C.G.: 1A, 1B, 2A, 2B

Disclosures

Ethical Compliance Statement

The authors confirm that the publication of the above information, including patient consent, is in accordance with our institutional data protection board. We confirm that the approval of an institutional ethics review board was not required for this work. We confirm that we have read the Journal's position on issues involved in ethical publication and affirm that this work is consistent with those guidelines.

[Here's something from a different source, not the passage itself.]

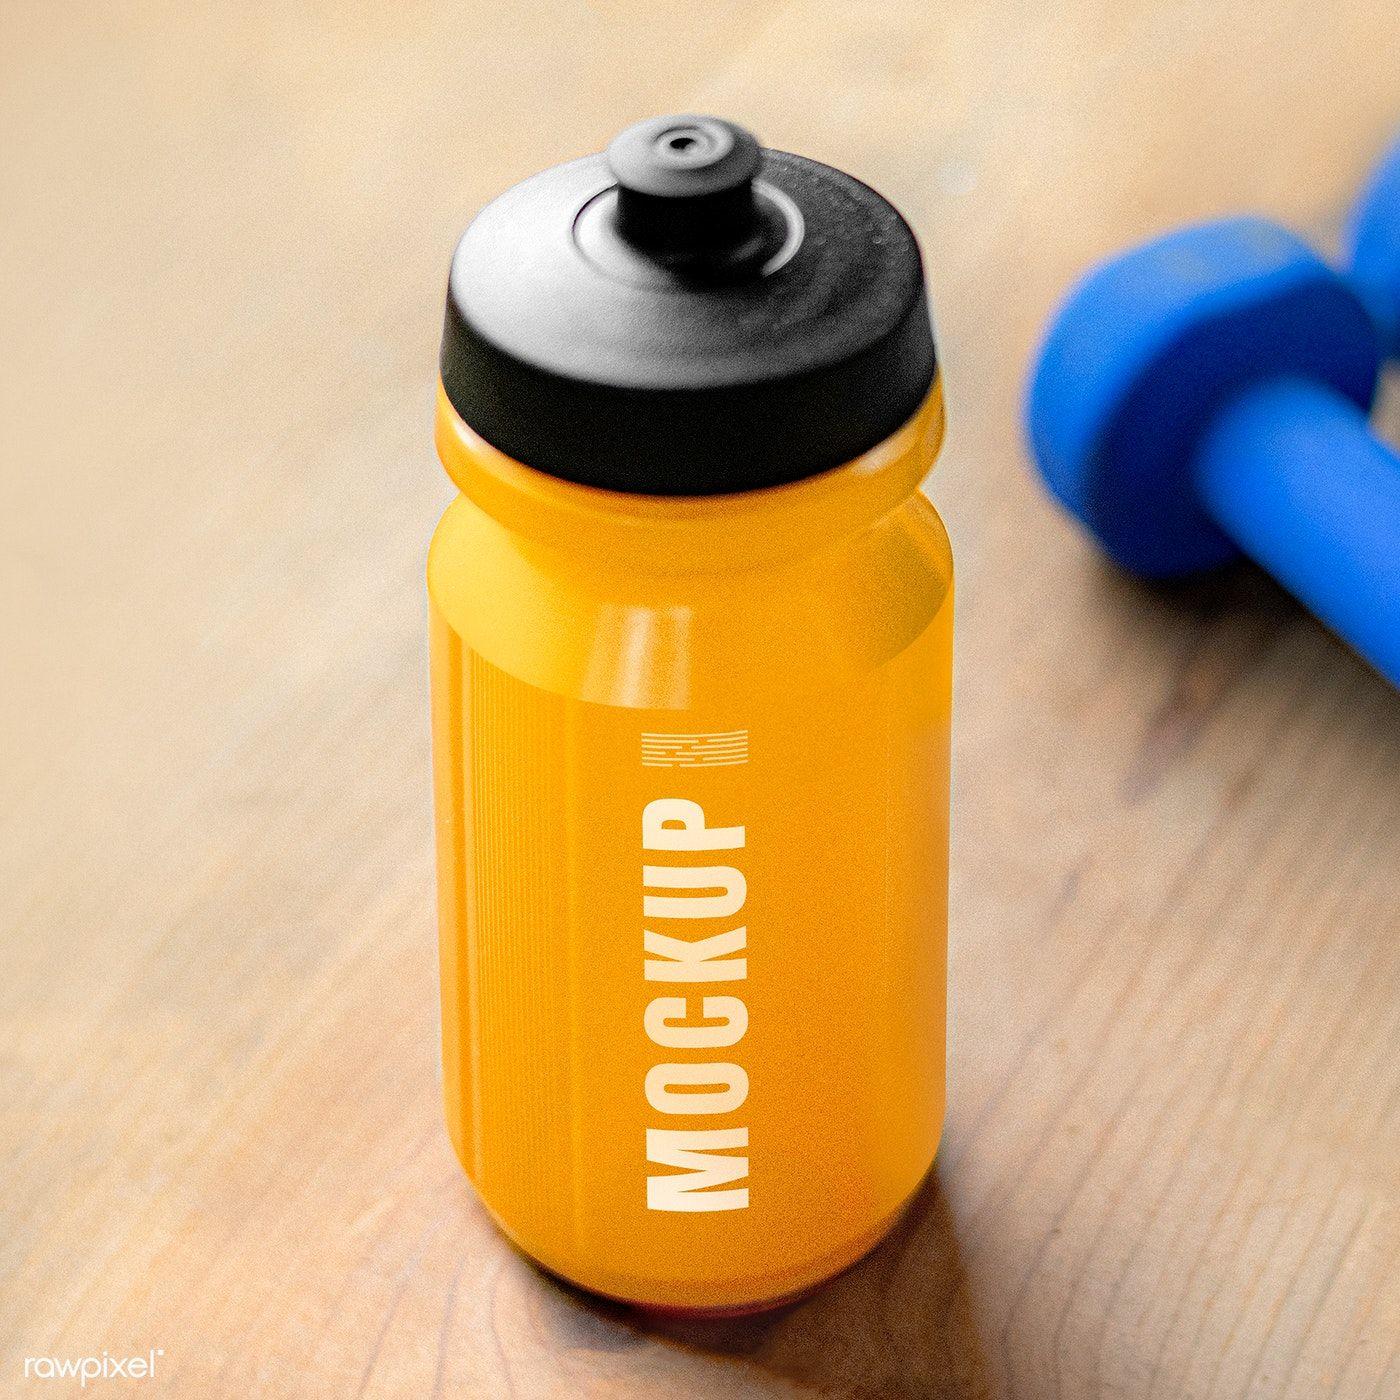 Download Premium Psd Of Reusable Sports Bottle Mockup Design 2194480 Bottle Mockup Sport Bottle Bottle

Funding Sources and Conflicts of Interest

This research project was supported by a grant from the VolkswagenStiftung (Freigeist) held by C.G. T.M. is a participant in the BIH‐Charité Clinician Scientist Program funded by the Charité‐Universitätsmedizin Berlin and the Berlin Institute of Health. The authors disclose no conflicts of interest regarding this manuscript.

Financial Disclosures for the Previous 12 Months

L.K. has nothing to declare. T.M. receives royalties from Urban Fischer in Elsevier Verlag. A.E.C. has nothing to declare. A.A.K. declares that she is on the advisory board of Boston Scientific and Medtronic and has received honoraria from Boston Scientific, Medtronic, Abbott, Teva und Ipsen. C.G. holds a research grant from the VolkswagenStiftung (Freigeist Fellowship) and has received honoraria from Lundbeck and Actelion pharmaceuticals. TM is a participant in the BIH‐Charité Clinician Scientist Program funded by the Charité‐Universitätsmedizin Berlin and the Berlin Institute of Health.